Потупив глаза, красная от смущения, встала миловидная девочка. На первый взгляд она казалась совсем еще ребенком, и это подчеркивал большой черный шелковый бант на голове и хорошо сшитое форменное платье с передником.

Константин Семенович уже знал, что отец девочки контр-адмирал, что она единственная дочь в семье.

— Вы что-нибудь думали, Косинская, относительно профессии?

— Папа считает, что нужно идти в медицинский... но мы еще не решили окончательно.

— Хорошо. Садитесь, пожалуйста! Дальше идет...

— Я! Кравченко Тамара! — поднимаясь, четко сказала девушка, сидевшая на первой парте.

Константин Семенович с любопытством посмотрел на эту девушку. Она резко выделялась среди остальных. Невысокого роста и крепкого сложения, подстриженная, в сапожках, Тамара больше походила на переодетого мальчишку.

Завуч сообщила Константину Семеновичу, что Тамара прекрасно рисует, имеет любительские права водителя автомашины и много читает.

— Кравченко, а вы какую профессию выбрали? — спросил учитель.

— Я буду журналистом, Константин Семенович.

— Вероятно, будете! — согласился он. — Следующая как будто Крылова Маргарита? Какой же вы для себя наметили путь, Крылова?

Маргарита не торопилась отвечать. Она спокойно стояла и, слегка прищурившись, в упор смотрела на учителя. Острый нос и подбородок, близко поставленные глаза вызывали в памяти лисицу.

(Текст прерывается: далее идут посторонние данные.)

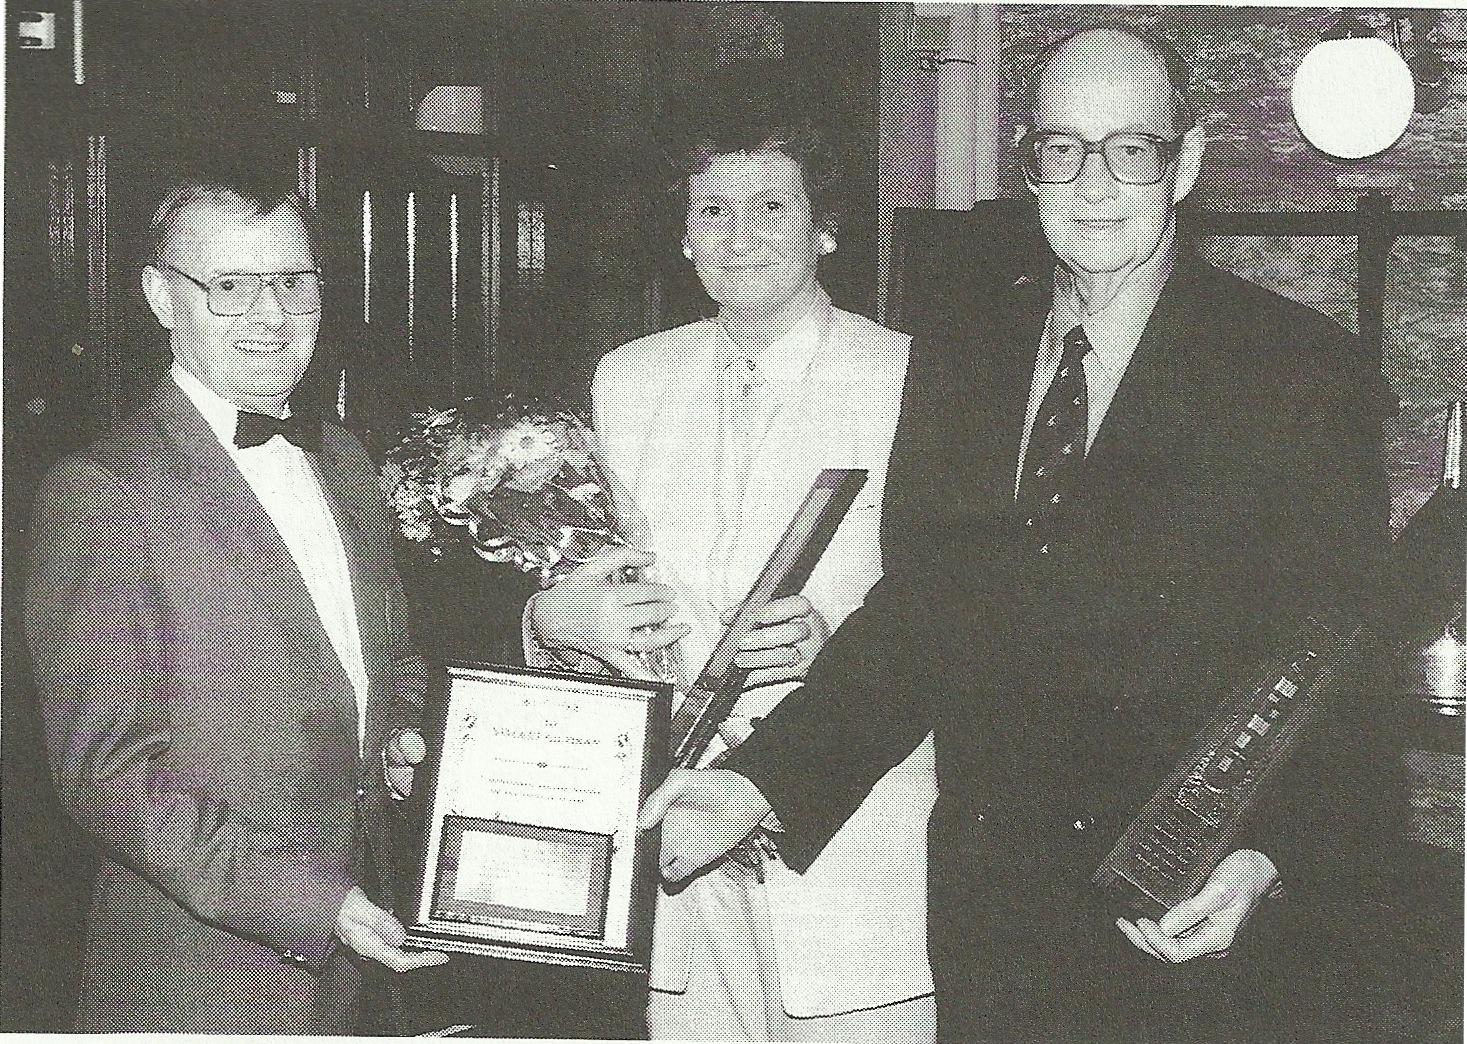 Honorary Member Vincent Giltinan

— Кем же вы будете? — повторил он свой вопрос.

— Мамой! — раздался сзади чей-то голос.

Девушка оглянулась и, недовольно пожав плечами, ответила:

— Я еще не решила, Константин Семенович.

В классе учились две новенькие, вернувшиеся из эвакуации в прошлом году. Одна из них — Нина Шарина — быстро и легко вошла в коллектив, срослась с ним, а вторая — Логинова Раиса — до сих пор жила замкнуто, одиночкой, и чувствовала себя новенькой.

Константин Семенович знал об этом и когда вызвал Логинову, то с особым вниманием взглянул на ученицу.

На второй парте слева поднялась сутулая девушка с большими темными глазами. Вид у нее был болезненный, и тихий грудной голос усугублял это впечатление. На ней было надето шерстяное коричневое платье с белым воротником, на груди блестел старинный медальон, а на руке — часы. И цепочка и медальон были золотые.

— А вы выбрали свой путь, Логинова?

— Я постараюсь поступить на биологический.

— Она поступит! — раздался все тот же насмешливый голос на задней парте.

— Хорошо. Садитесь!.. Смирнова Евгения! Женя шмыгнула носом и, сказав не то «хе!», не то «во!», решительно вышла из-за парты.

— Ну, вас я запомнил, Смирнова!

— Что делать! Сама виновата, — с наигранным сожалением сказала она.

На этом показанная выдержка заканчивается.